Your certificate is now installed and loaded into Apache’s configuration. Try reloading your website using https:// and notice your browser’s security indicator. It should indicate that your site is properly secured, typically by a lock icon in the address bar.

You can use the SSL Labs Server Test to verify your certificate’s grade and obtain detailed information about it, from the perspective of an external service.

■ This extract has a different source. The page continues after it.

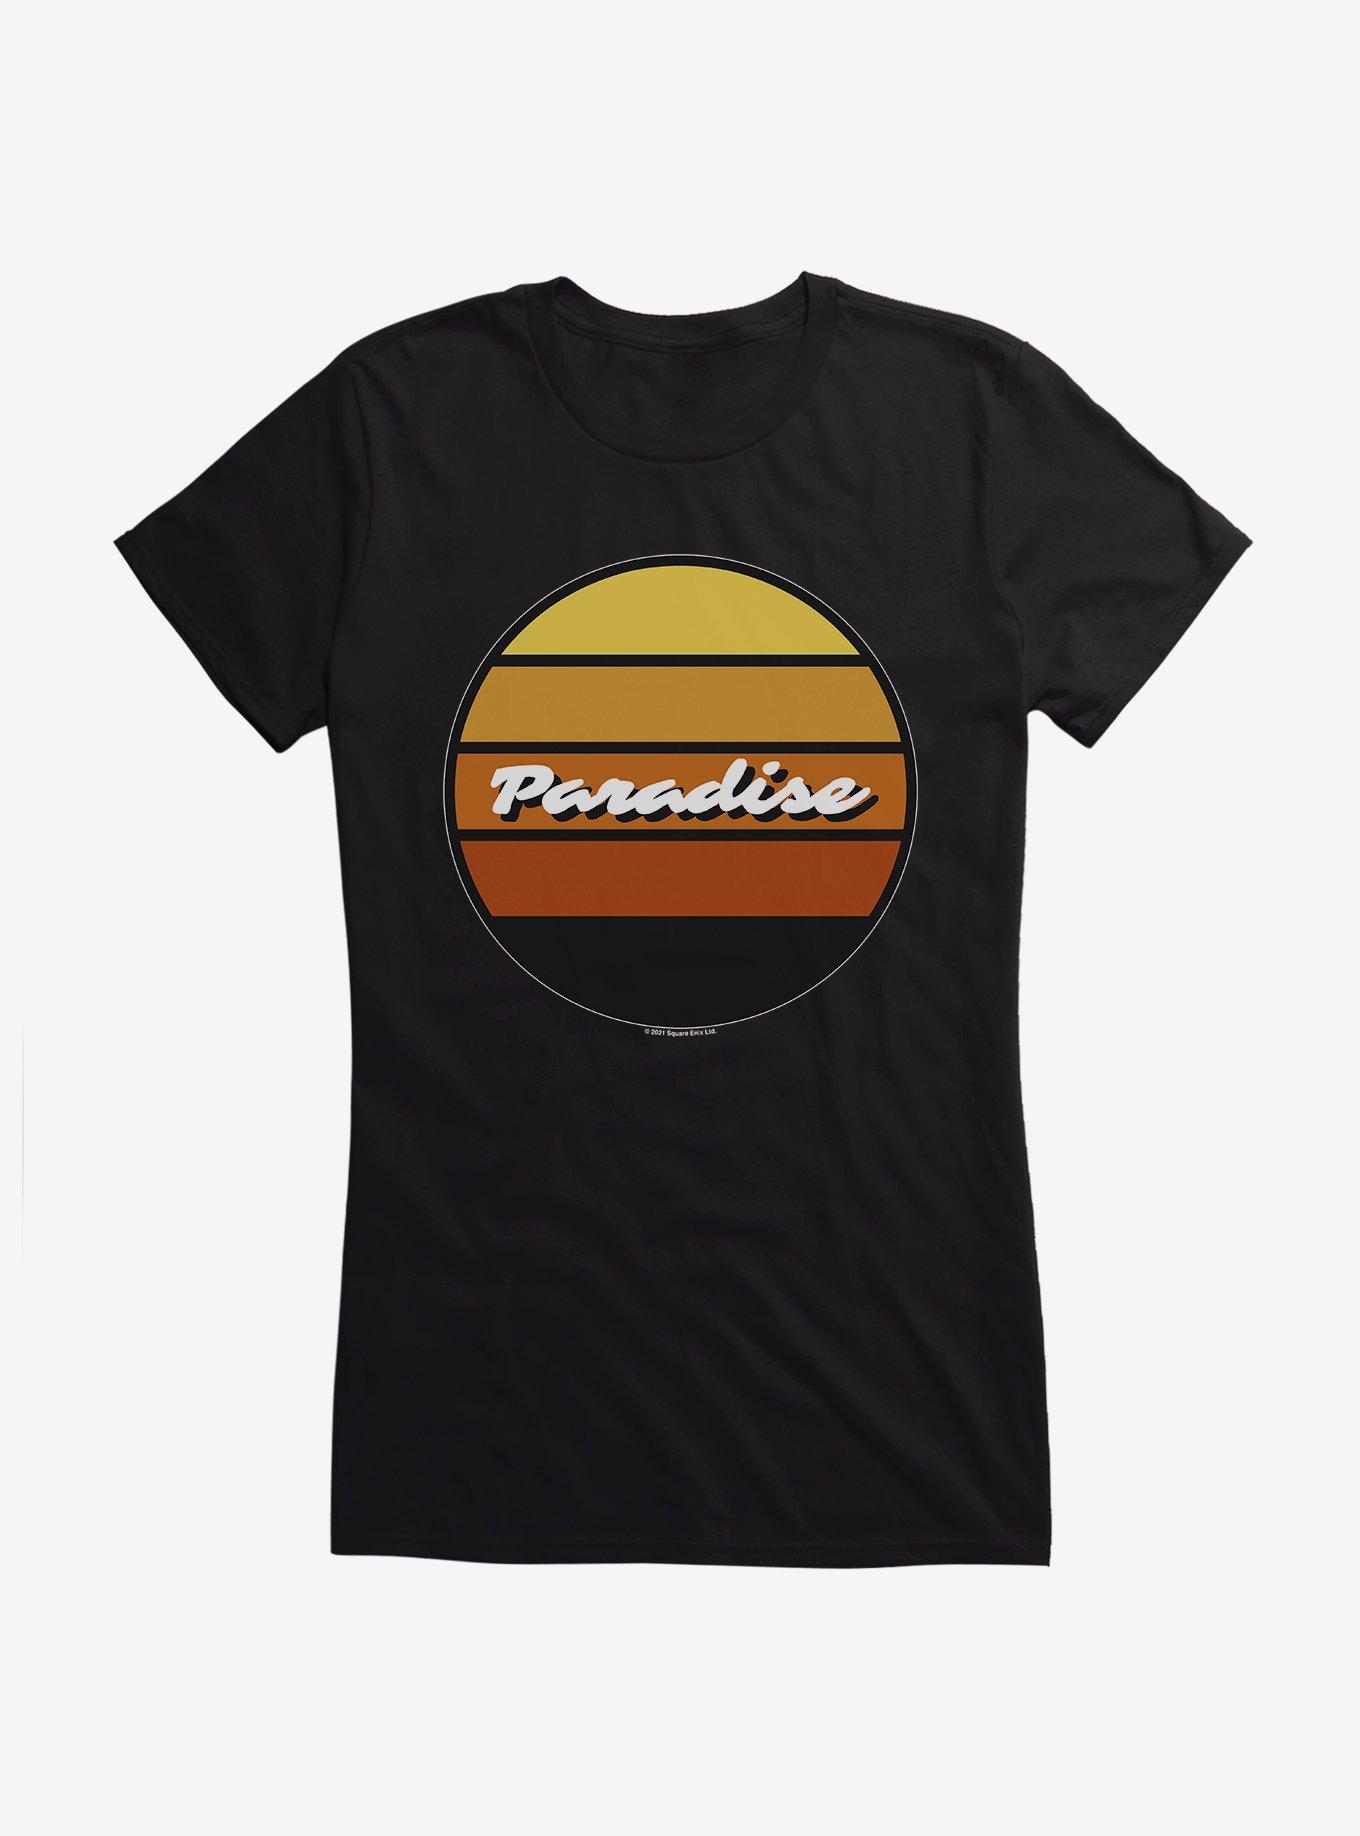 Square Enix Paradise Girls T-Shirt

In the next and final step, you’ll test the auto-renewal feature of Certbot, which guarantees that your certificate will be renewed automatically before the expiration date.

Step 5 — Verifying Certbot Auto-Renewal

Let’s Encrypt’s certificates are only valid for ninety days. This is to encourage users to automate their certificate renewal process, as well as to ensure that misused certificates or stolen keys will expire sooner rather than later.

The certbot package you installed takes care of renewals by including a renew script to /etc/cron.d, which is managed by a systemctl service called certbot.timer. This script runs twice a day and will automatically renew any certificate that’s within thirty days of expiration.

To check the status of this service and make sure it’s active, run the following:

  1. sudo systemctl status certbot.timer

Your output will be similar to the following:

Output
● certbot.timer - Run certbot twice daily Loaded: loaded (/lib/systemd/system/certbot.timer; enabled; vendor preset:> Active: active (waiting) since Mon 2022-04-11 20:52:46 UTC; 4min 3s ago Trigger: Tue 2022-04-12 00:56:55 UTC; 4h 0min left Triggers: ● certbot.service Apr 11 20:52:46 jammy-encrypt systemd[1]: Started Run certbot twice daily.

To test the renewal process, you can do a dry run with certbot:

  1. sudo certbot renew --dry-run
Output
Saving debug log to /var/log/letsencrypt/letsencrypt.log - - - - - - - - - - - - - - - - - - - - - - - - - - - - - - - - - - - - - - - - Processing /etc/letsencrypt/renewal/your_domain.conf - - - - - - - - - - - - - - - - - - - - - - - - - - - - - - - - - - - - - - - - Account registered. Simulating renewal of an existing certificate for your_domain and www.your_domain.com - - - - - - - - - - - - - - - - - - - - - - - - - - - - - - - - - - - - - - - - Congratulations, all simulated renewals succeeded: /etc/letsencrypt/live/your_domain/fullchain.pem (success) - - - - - - - - - - - - - - - - - - - - - - - - - - - - - - - - - - - - - - - -

If you don’t receive any errors, you’re all set. When necessary, Certbot will renew your certificates and reload Apache to pick up the changes. If the automated renewal process ever fails, Let’s Encrypt will send a message to the email you specified, warning you when your certificate is about to expire.

Conclusion

In this tutorial, you installed the Let’s Encrypt client certbot, configured and installed an SSL certificate for your domain, and confirmed that Certbot’s automatic renewal service is active within systemctl. If you have further questions about using Certbot, their documentation is a good place to start.